TOTAL TIME COMMITMENT: 28 hours including toile (note this skirt is unlined)
Toile (with buttons but no lining, interior seam finishing, basting stitch removal or hemming): 12 hours
Cut out & transfer all pattern markings: 2 hours
Main construction: 8 hours
Lining construction: none
Finishings (buttons, hem): 6 hours
SEAM FINISHING & DECORATIVE EXTRAS
Front to back skirt seam – French seam
Narrow double hem
Handworked buttonholes
VERDICT & LESSONS LEARNT
I have a high waist-to-hip ratio with a generous booty. Drop-waist skirts are not typically something I can buy ready-made so what a dream to be abl to make one for myself. I love the final product.
I also learned how to handwork button holes on this project and I’m so glad – this opens up many many more garment-making opportunities now, and it is something I have been putting off learning and the result is that I have shied away from some patterns.
This fabric I chose is a beautiful thing, and the resulting finished skirt is bold, dramatic, and holds its shape well. However, it is medium to heavy weight, and sewing several layers together means that some seams were both difficult to sew and a bit bulky in the end. In addition, the sturdiness of this fabric could also possibly accommodate a slightly more snug fit, as it won’t be stressed in the same way as a more delicate one would.
There are two interior seams that I had to leave raw as I couldn’t work out any better ways to finish them. One, I pinked; the other I left completely raw. I don’t think this skirt should have a lining so figuring out a neater way to finish the interior will take some thought.
I graded between size 14 and size 16 between the waist and hip line but the fit is still not absolutely perfect. I still find the waist is a little big and for some reason still unknown to me, I found that the yoke was too big for the waistband and had to sew the side seams again to a slightly smaller size before attaching the waistband. Perhaps next time I make this, I should just make the size 14.
I also learnt a little struggling to ease the fullness of the circle skirt into the bottom of the yoke – the pattern piece that needs easing can use a slightly smaller seam allowance and when sewing, I should always sew from the side of the fuller piece to control and prevent puckering.

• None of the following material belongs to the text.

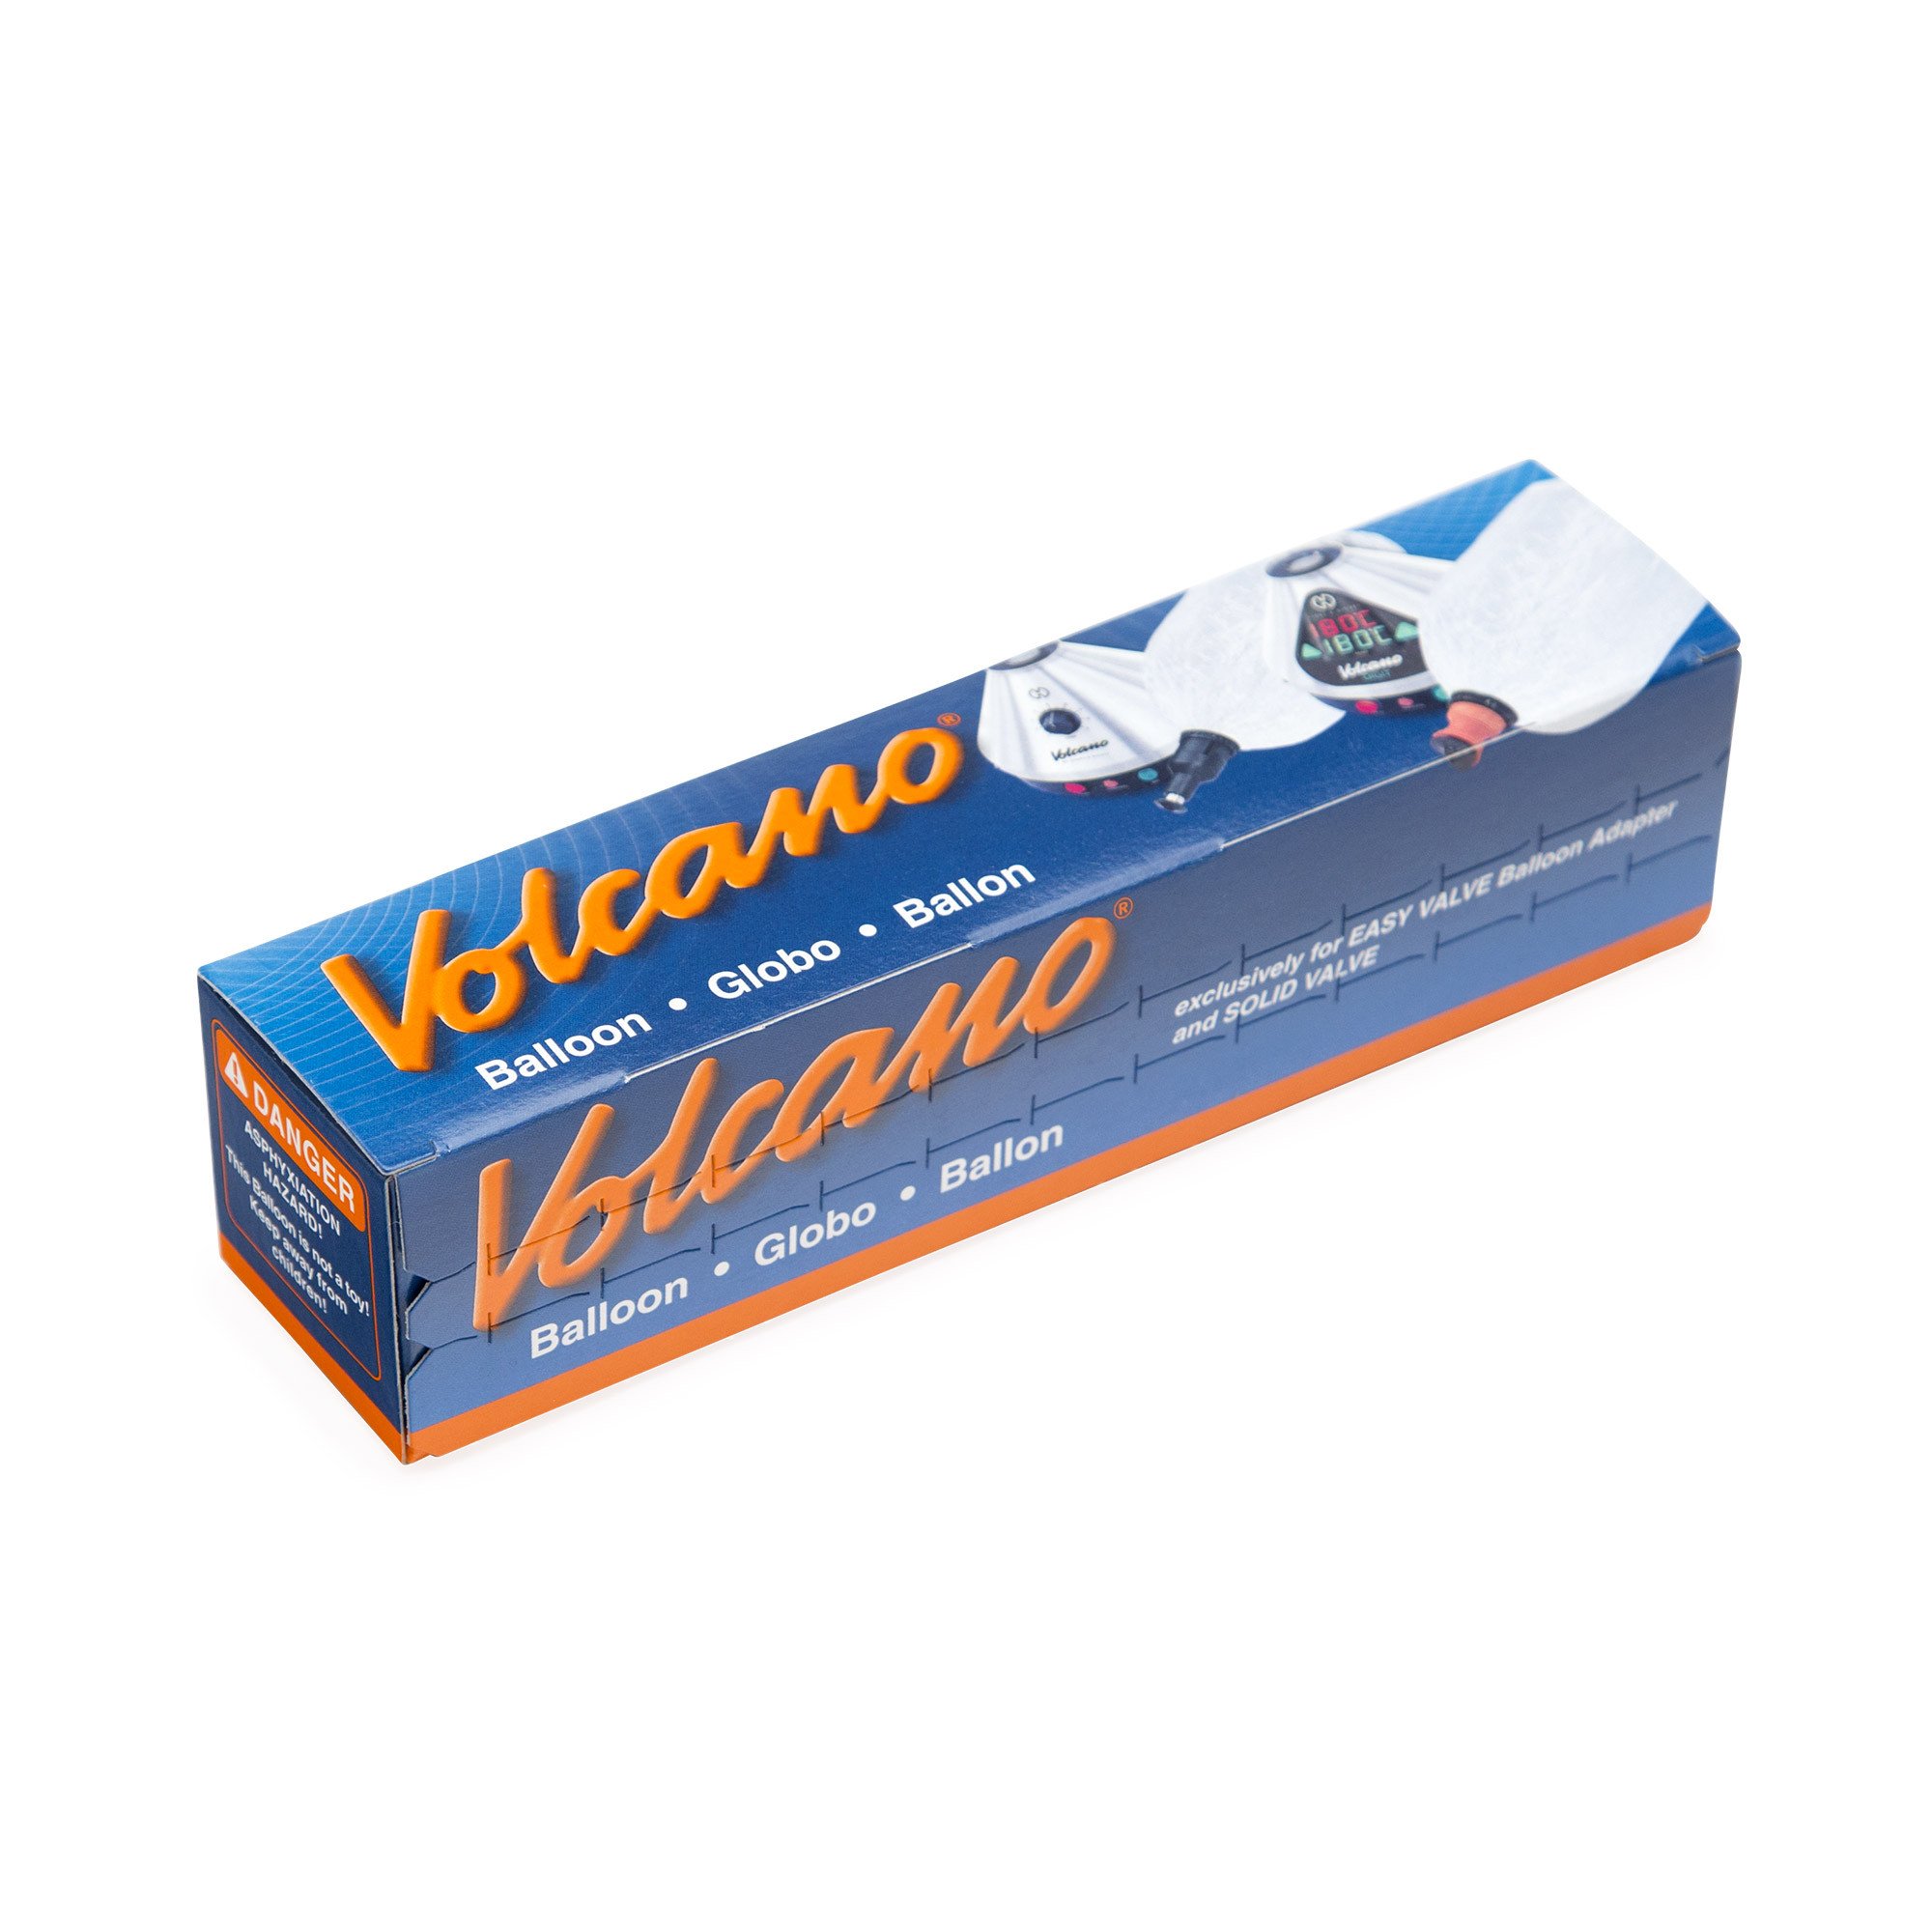 Volcano Vaporizer Solid Valve Balloon Bag (1x10Ft)
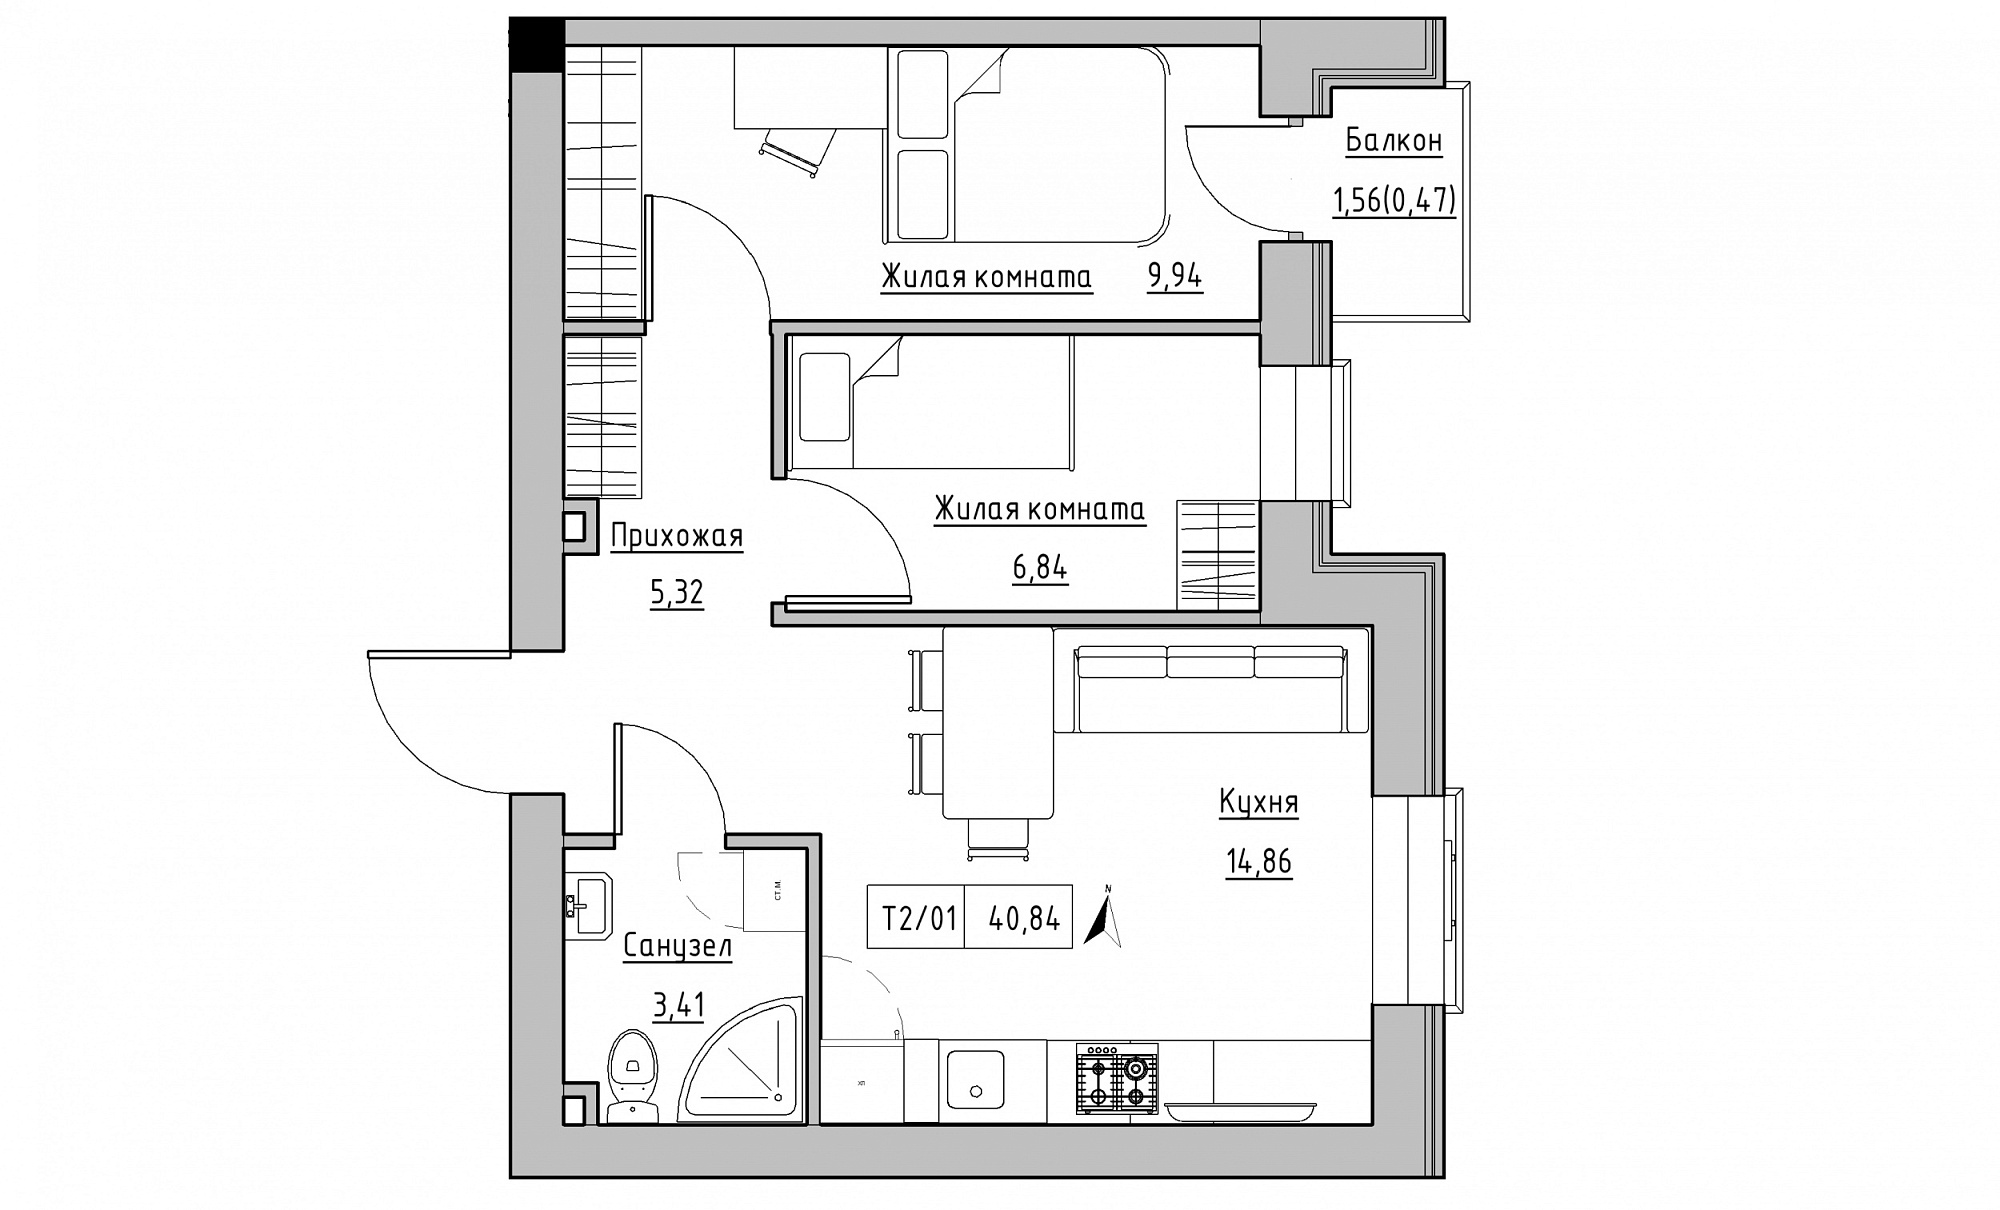 Planning 2-rm flats area 40.84m2, KS-015-04/0006.

My machine seemed to really struggle with the tension of the top stitching thread. It always seems the top thread was too loose with lots of loops showing on the underside. The topstitching thread gives great sheen but I might try the upholstery thread next time, see if my machine can handle it better
VARIATION IDEAS
I would like to try it again in a much more lightweight fabric (perhaps even a slightly sheer in a double layer?)